Traditional career counseling is often generic, failing to keep pace with the dynamic job market or account for a student's unique combination of aptitude and academic performance. We wanted a purely data-driven approach.
My team and I built SkillSet Sherpa, an AI-powered system that reads student marksheets using Optical Character Recognition (OCR) and combines it with a psychometric test to generate highly personalized LLM recommendations. This research was published in Springer's Lecture Notes in Networks and Systems.
The Architecture
Tech Stack
- > Backend: Python, Flask
- > Computer Vision: EasyOCR (CNN-based)
- > Data Processing: Pandas, Openpyxl
- > AI: LLM integration & Prompt Engineering
The OCR Pipeline
Extracting structured tabular data from messy, scanned marksheets is notoriously difficult.
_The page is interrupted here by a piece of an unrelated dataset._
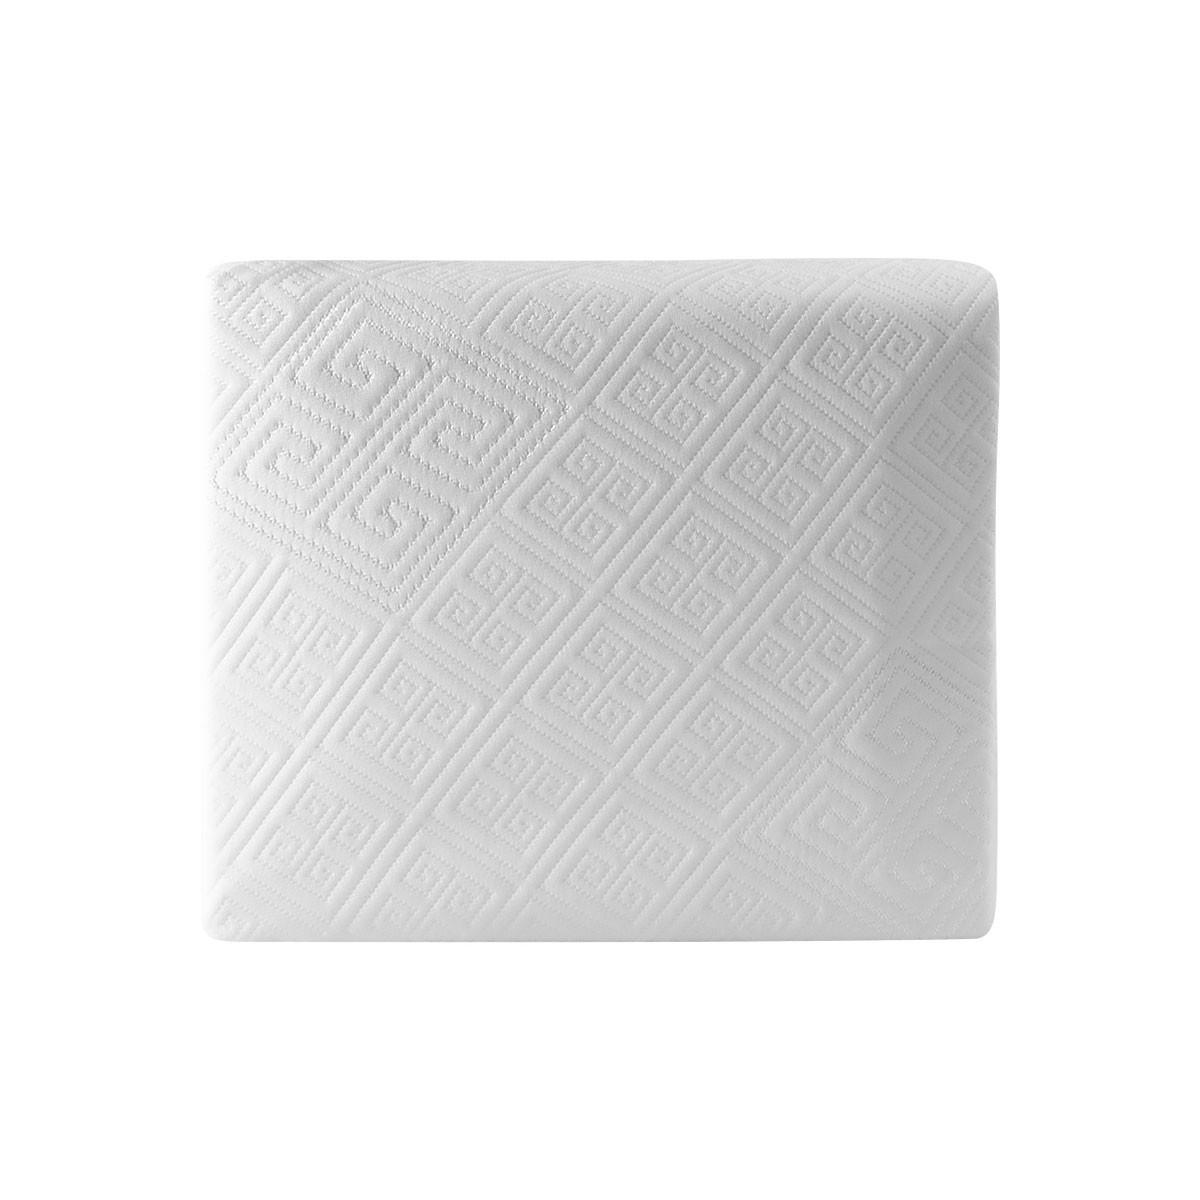 Protetor para Colchao Solteiro Impermeavel Juma Comfort 190 x 90cm - Branco

We benchmarked several models-including Tesseract, PaddleOCR, and Doctr-before selecting EasyOCR for its optimal balance of accuracy and integration ease.
Once a user uploads a scan via our Flask backend, the CNN-based EasyOCR model reads the image. We then use openpyxl and pandas to clean up the extracted text, map the headers, and save the structured grades into a clean CSV format for analysis.
Psychometrics: The RIASEC Model
Grades only tell half the story. We implemented the Holland Codes (RIASEC) test to quantify a user's affinity for Realistic, Investigative, Artistic, Social, Enterprising, and Conventional work environments. The backend ingests the raw survey inputs and converts them into normalized percentage scores, creating a mathematical profile of the user's psychological strengths.
LLM Orchestration & Prompt Engineering
The final step is where the system actually "thinks". The pipeline dynamically injects both the academic CSV data and the normalized RIASEC percentages into a highly structured prompt.
By forcing the LLM to consider these two distinct datasets simultaneously, it outputs highly specific career paths-and justifies its reasoning by explicitly mapping the required educational streams (e.g., advising a student to major in English or Mass Communication if they scored high in Artistic/Social traits and excelled in language subjects).